[Start of section]

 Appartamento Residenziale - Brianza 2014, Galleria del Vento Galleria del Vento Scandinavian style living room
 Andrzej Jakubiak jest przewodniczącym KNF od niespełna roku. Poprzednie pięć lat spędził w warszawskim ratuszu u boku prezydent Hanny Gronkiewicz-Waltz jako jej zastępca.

[End of section]
[Start of section]

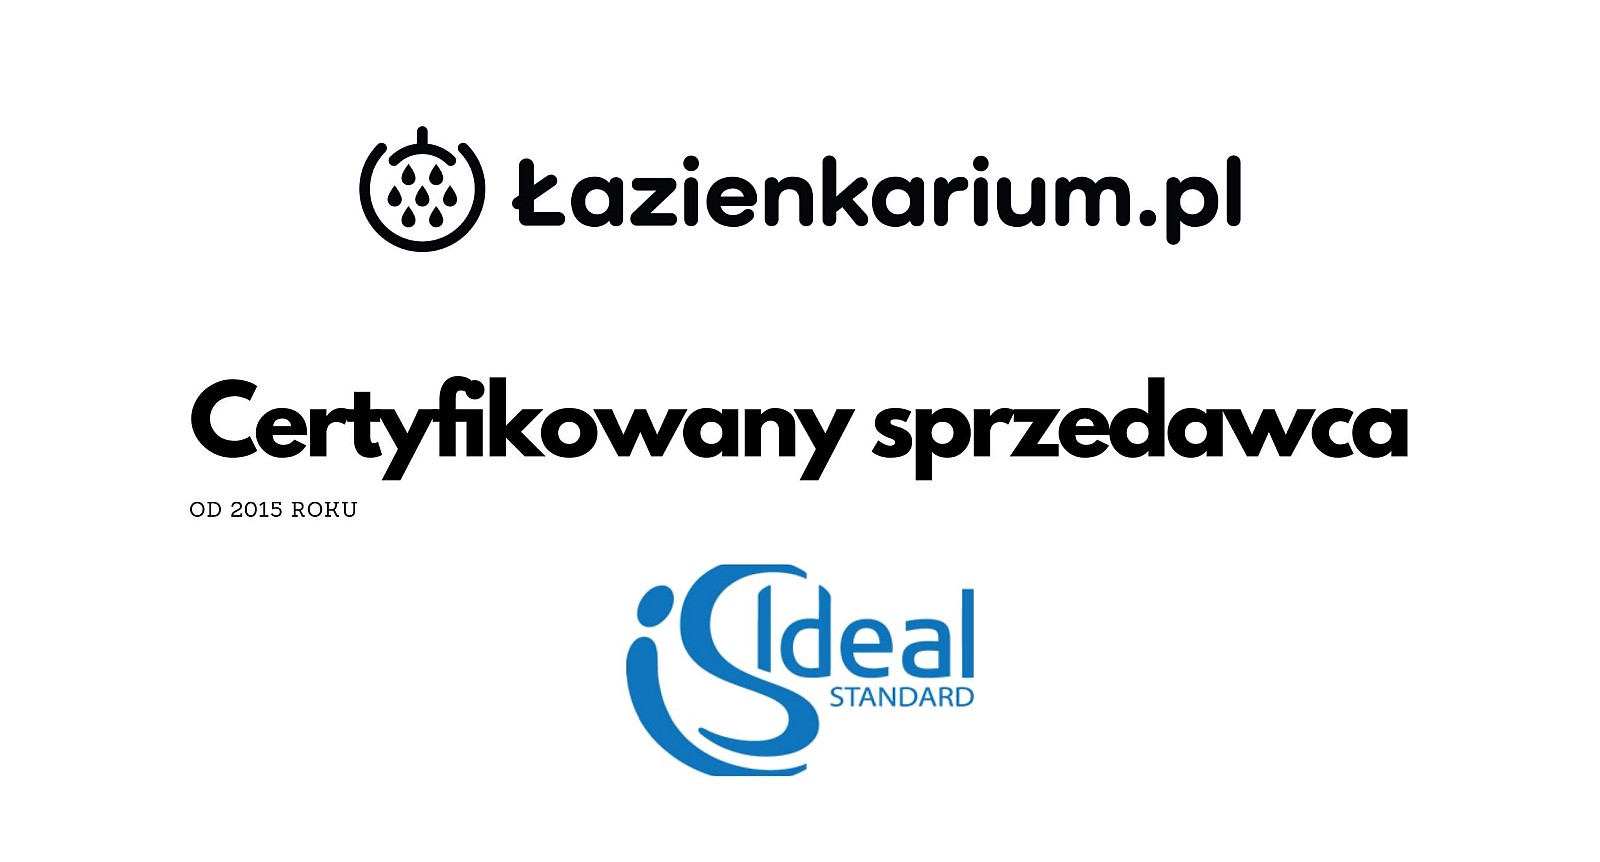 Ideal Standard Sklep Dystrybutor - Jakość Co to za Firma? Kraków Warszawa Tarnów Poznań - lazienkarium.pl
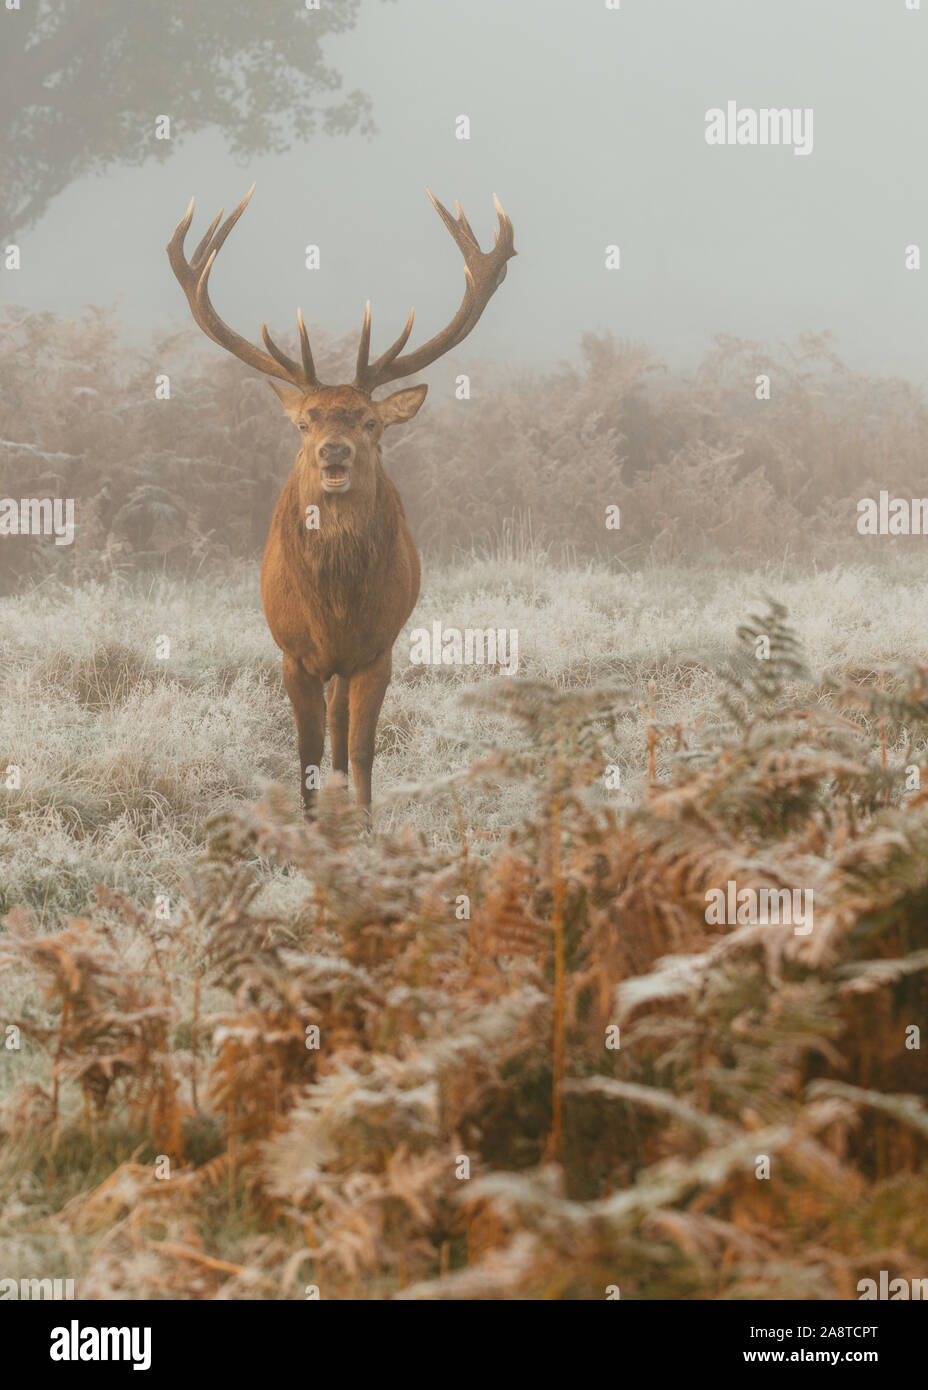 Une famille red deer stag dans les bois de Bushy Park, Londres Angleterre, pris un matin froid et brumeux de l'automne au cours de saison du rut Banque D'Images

[End of section]

* _WORK REQUEST_: Set the pictures aside and reproduce exactly the lines above, from the line holding "Ideal Standard Sklep" through the line holding "Une famille red", both included, with nothing else.

* _TASK SOLUTION_:
 Ideal Standard Sklep Dystrybutor - Jakość Co to za Firma? Kraków Warszawa Tarnów Poznań - lazienkarium.pl
 Une famille red deer stag dans les bois de Bushy Park, Londres Angleterre, pris un matin froid et brumeux de l'automne au cours de saison du rut Banque D'Images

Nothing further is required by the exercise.